Identification of pharmacological and toxicological activity employing PASS tool
The prediction of activity spectra of substances (PASS) (https://www.way2drug.com/passonline/), an online tool, was selected to predict the possible activity of oseltamivir. The molecular SMILES formula was given as input in the interface of PASS, which predicts the possible pharmacological actions and toxicological activities. The structure-activity relationship was denoted by Pa: probability of activity and Pi: probability of inactivity. This approach provided an idea concerning the possible targets and activity for approaching through preparing the biomolecules of interest (enzymes) for further processing, employing molecular docking and MD simulation studies to develop an understanding with the evidence (Poroikov et al., 2007).
Performing the proteins - ligand molecular docking
The processed protein crystal structures were uploaded into the PyRx interface (https://pyrx.sourceforge.io/) and converted into pdbqt format as a macromolecule of the study (Dallakyan et al., 2015). The ligands.sdf file was uploaded through the ‘Open Babel’ and was processed into pdbqt format to make ligand molecule for molecular docking after energy minimisation. The molecular docking was performed by creating a grid dimension (Table 2), and selecting complete protein. Twenty core CPUs with effectiveness were selected, and final docked molecules were saved for further processing. BIOVIA and discovery studios were the preferred methods to analyse the results obtained after molecular docking, including the 2D structures of proteins and ligands interactions, protein-ligand interactions and pocket identification (Murugan et al., 2022; Germoush et al., 2024).

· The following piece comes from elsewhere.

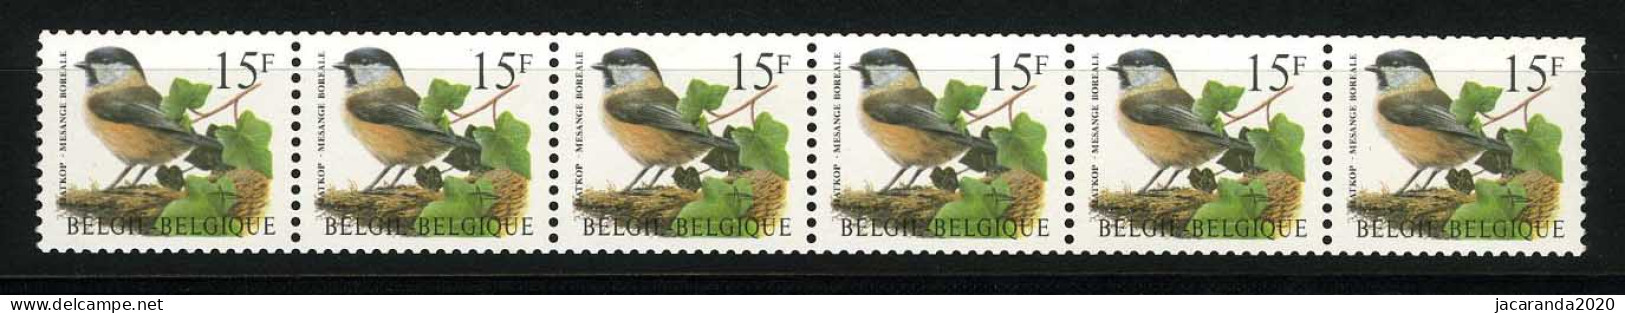 België R81a - Vogels - Oiseaux - Buzin (2732) - Strook Van 6 ZONDER NUMMER - SANS NUMERO - ZELDZAAM - RARE - Rouleaux
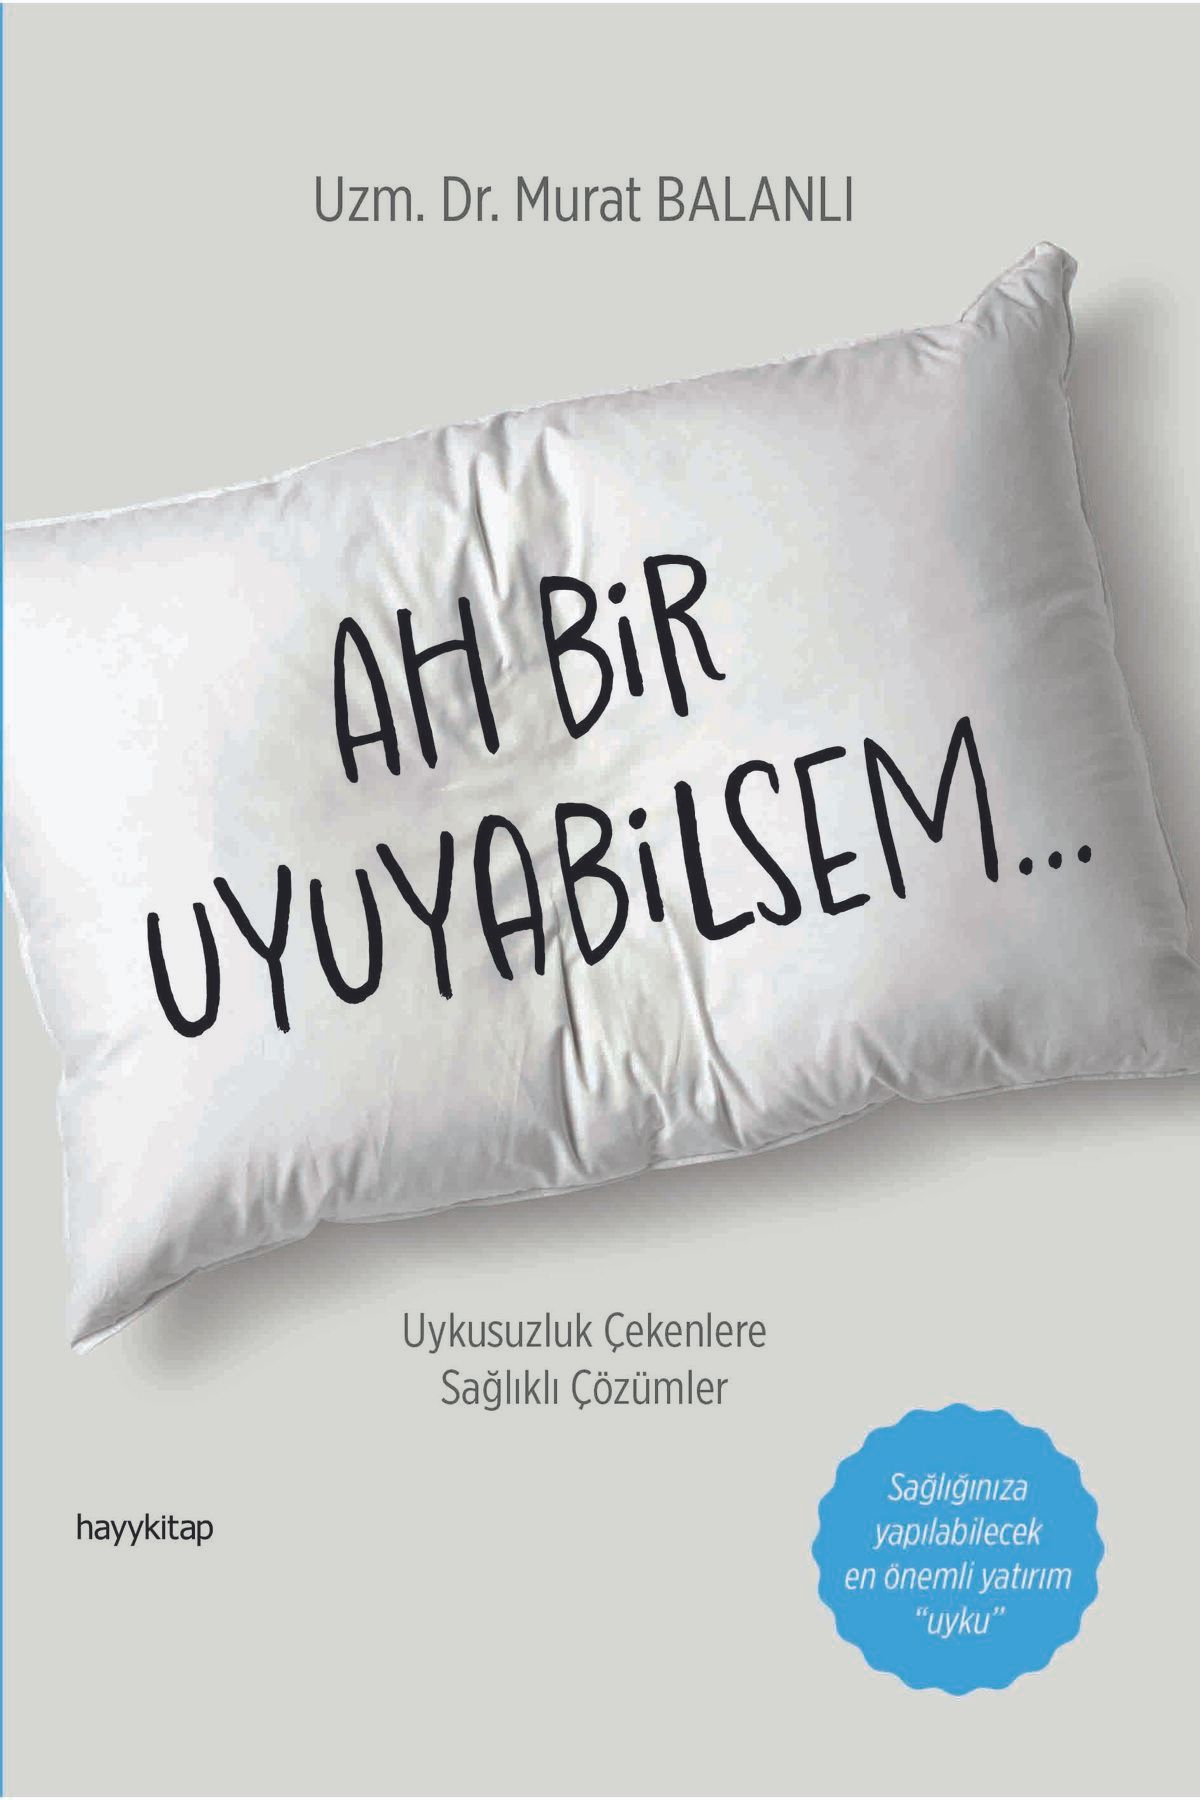 Hayykitap AH BİR UYUYABİLSEM / Uzm. Dr. Murat Balanlı

Preparing the enzyme and oseltamivir for MD simulation
Pymol interface was selected for converting the.dsv files into.pdb files. The separately imported protein and ligand files after molecular docking were joined through pymol. It was then saved in the form of pdb file for performing the MD simulation by means of GROMACS for a time period of 50 nanoseconds (ns), temperature of 300K, solvent–water, ions–sodium and chlorine, with one random seed and selected seed of seed_1234 for duality (Bytheway et al., 2008; Coutsias and Wester, 2019; Sasumana and Kaushik, 2018; Varghese et al., 2024; Yuan et al., 2017; Bekker et al., 1993).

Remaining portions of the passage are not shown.